Unification of rates is difficult to achieve but is inevitable for the country’s future.
However, speculators would always speculate to create temporary arbitrage for their self-gain. Just like in the case of fuel subsidy removal, there will soon be no “queue” to access Fx in the station (banks), as the market will allocate Fx more correctly than the monetary authority’s visible hands.

The floating of Fx will lead to the price of forex reflecting all the available relevant market information, which eventually closes rooms for arbitrage. Whether we like it or not, the country Must face the reality. And the monetary authority needs to be bold enough to stop any excesses that hinder the free flow of FX to the critical sector of the economy.

On the other hand, the floating Fx regime gives a market-based incentive that
encourages remittance from Nigerians on the “Japa” mission. Being professionals, they are a good segment of foreign exchange to Nigeria. As professionals, they left Nigeria for better economies that befit and promote their talents. This group of Nigerians in the diaspora are still looking forward to a better Nigeria to bring in funds to support their family and start a new business. Records showed Nigeria received 20.94 billion USD in 2022 alone as foreign remittances.

The magnitude of oil theft is estimated at 65.7 million barrels, translating to a 2.3 trillion naira loss of oil revenue within 12 months. Also, about 460 illegal connections were said to have been removed from the major pipeline capable of transporting 180,000 barrels of crude oil per day to the Bonny export terminal.

Conversely, the swift changes in oil demand and the new oil political dimension in wartime made oil economies unstable. The struggle of Iran, Saudi, UAE, and other oil-producing nations to diversify and align with BRICS shows the need for Nigeria to reassess its situation. Diversification is the best way for the country to survive these self-inflicted pains. And that is enough to tell us that the country should diversify away from oil as soon as possible.

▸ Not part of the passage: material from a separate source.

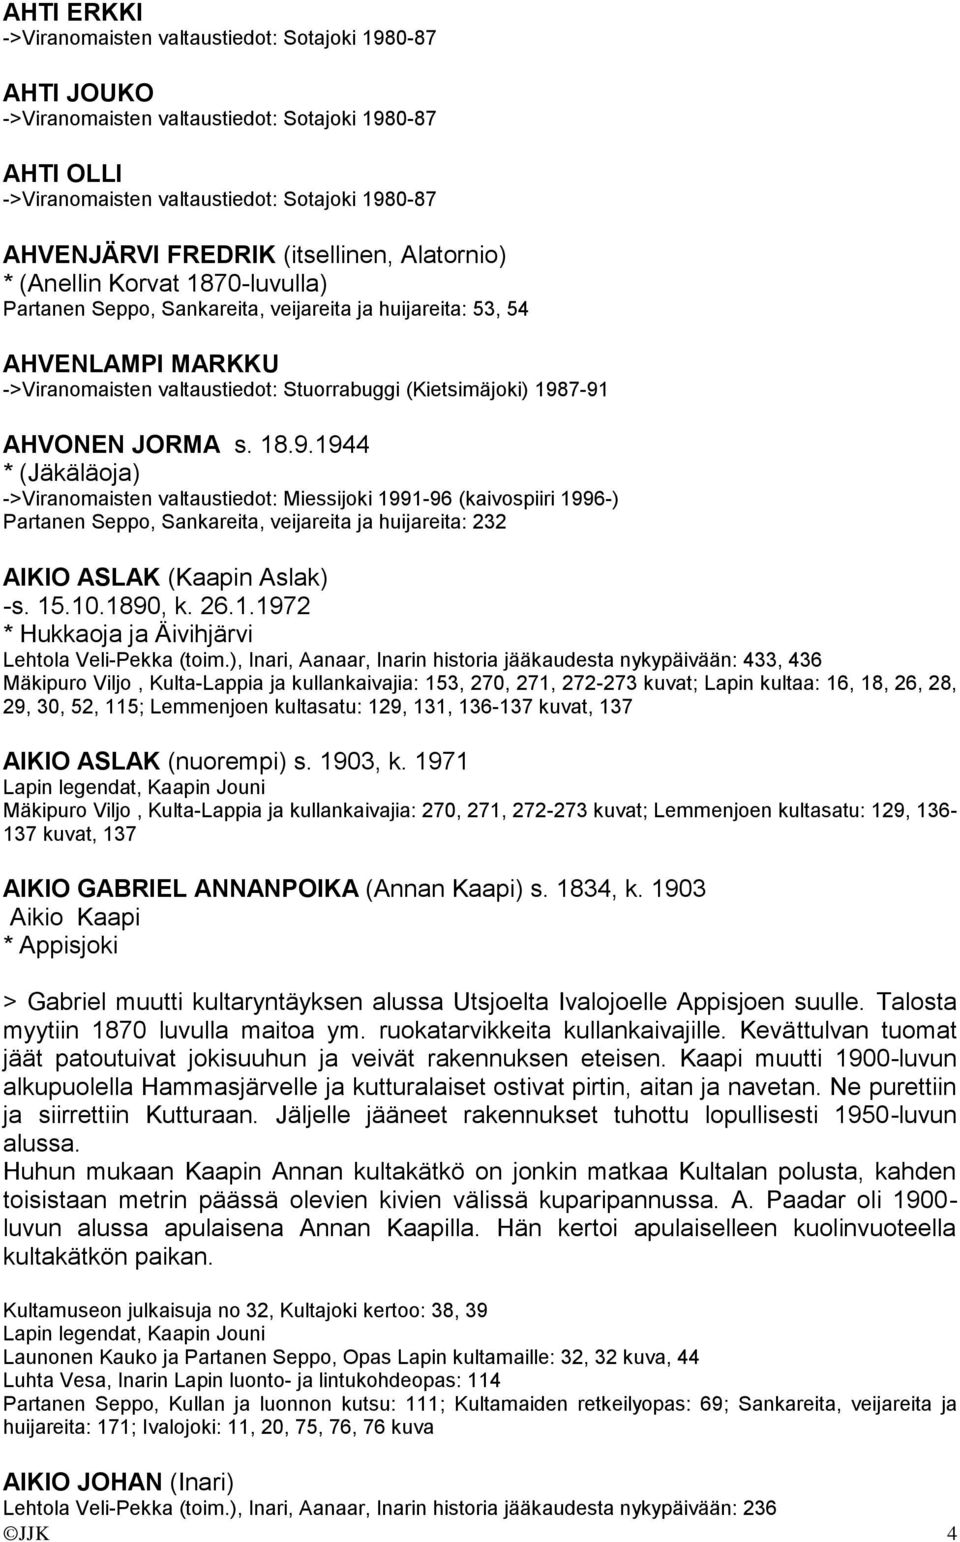 1987-91 AHVONEN JORMA s. 18.9.1944 * (Jäkäläoja) ->Viranomaisten valtaustiedot: Miessijoki 1991-96 (kaivospiiri 1996-) Partanen Seppo, Sankareita, veijareita ja huijareita: 232 AIKIO ASLAK (Kaapin Aslak) -s.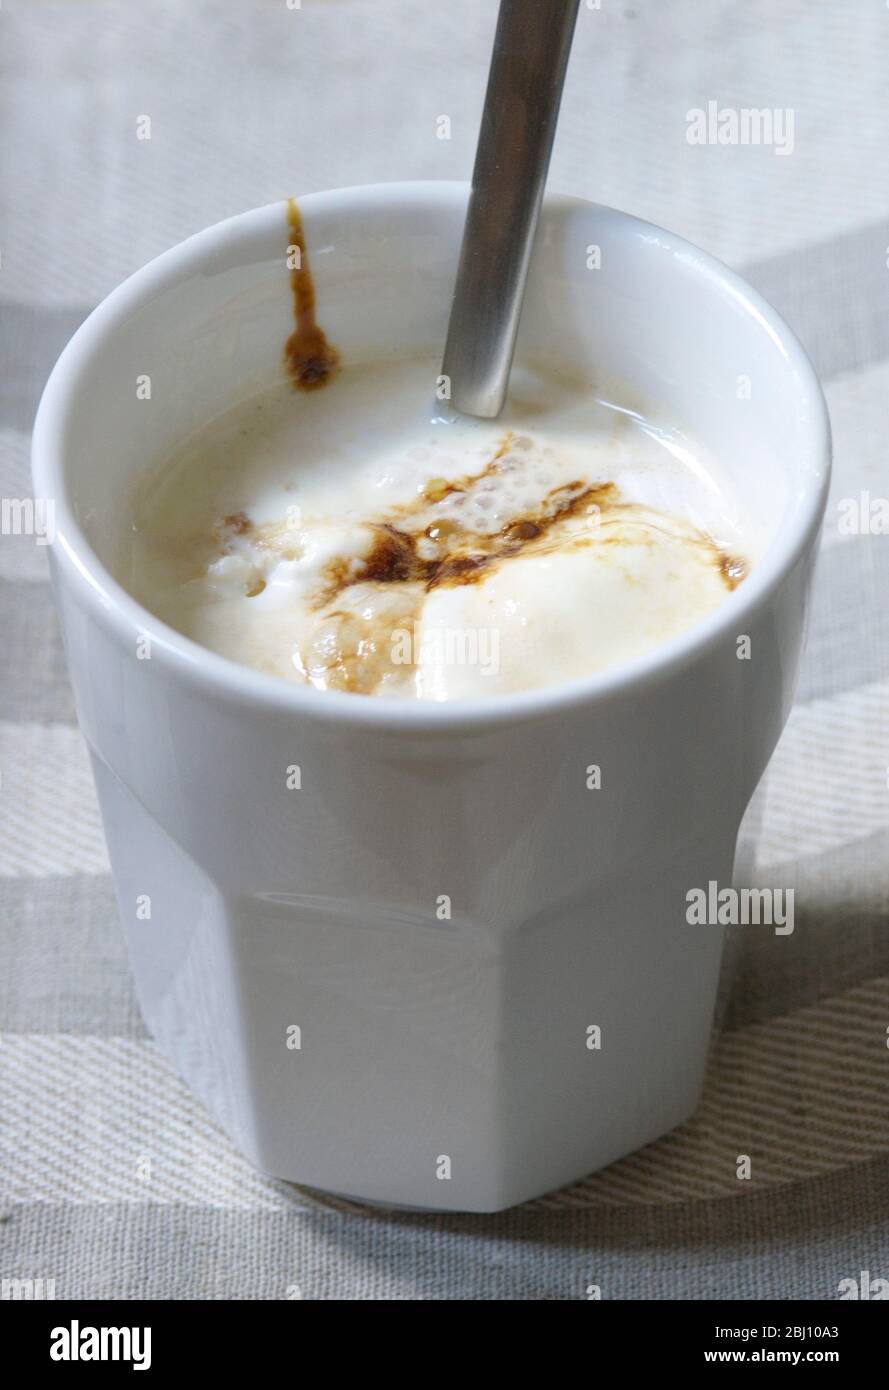 Eistkaffee mit Vanilleeis und Schokoladensirup in weißem Becher auf kariertem Liinen-Tuch - Stockfoto

While the government is revamping the oil sector to deal with the oil theft where
our total production was forcefully compelled to nosedive, the government
should also look at the option of improving foreign exchange earnings from the export of agricultural produce. This will improve the flow of FX to the sector via foreign direct investment and portfolio investment. To buttress the fact, in the first quarter of 2022 alone, Nigeria exported sesame seeds valued at 49.43 billion naira to China, Japan, Vietnam, and Turkey.

Furthermore, the mining and export of gold, lead, lithium, and baryte in the country had also projected Nigeria as a country with huge untapped mineral deposits, with about 80% of exports (either legal or illegal) finding their way to China. A floating FX regime can potentially reduce FX truncation, which increases the nation’s foreign exchange earnings.

In a nutshell, Nigeria could derive many economic benefits by liberating its economy from the perspective of big-firm capitalism, entrepreneur capitalism, and state-managed capitalism. A neo-capitalist system based on expansive private enterprise, transparent social welfare programs, and prudent government intervention would save the country.

However, excessive government
interventions in the real sector witnessed serious negative economic vices like adverse borrowers selection, erosion of institutional viability, market distortion, moral hazard and policies summersault, which served as disincentives to the real
players in the market.

The country has to chart a new course by removing stumbling stones that fan the ember of corruption at the federal and state levels for the citizens to feel the impact of the “renewed hope” slogan.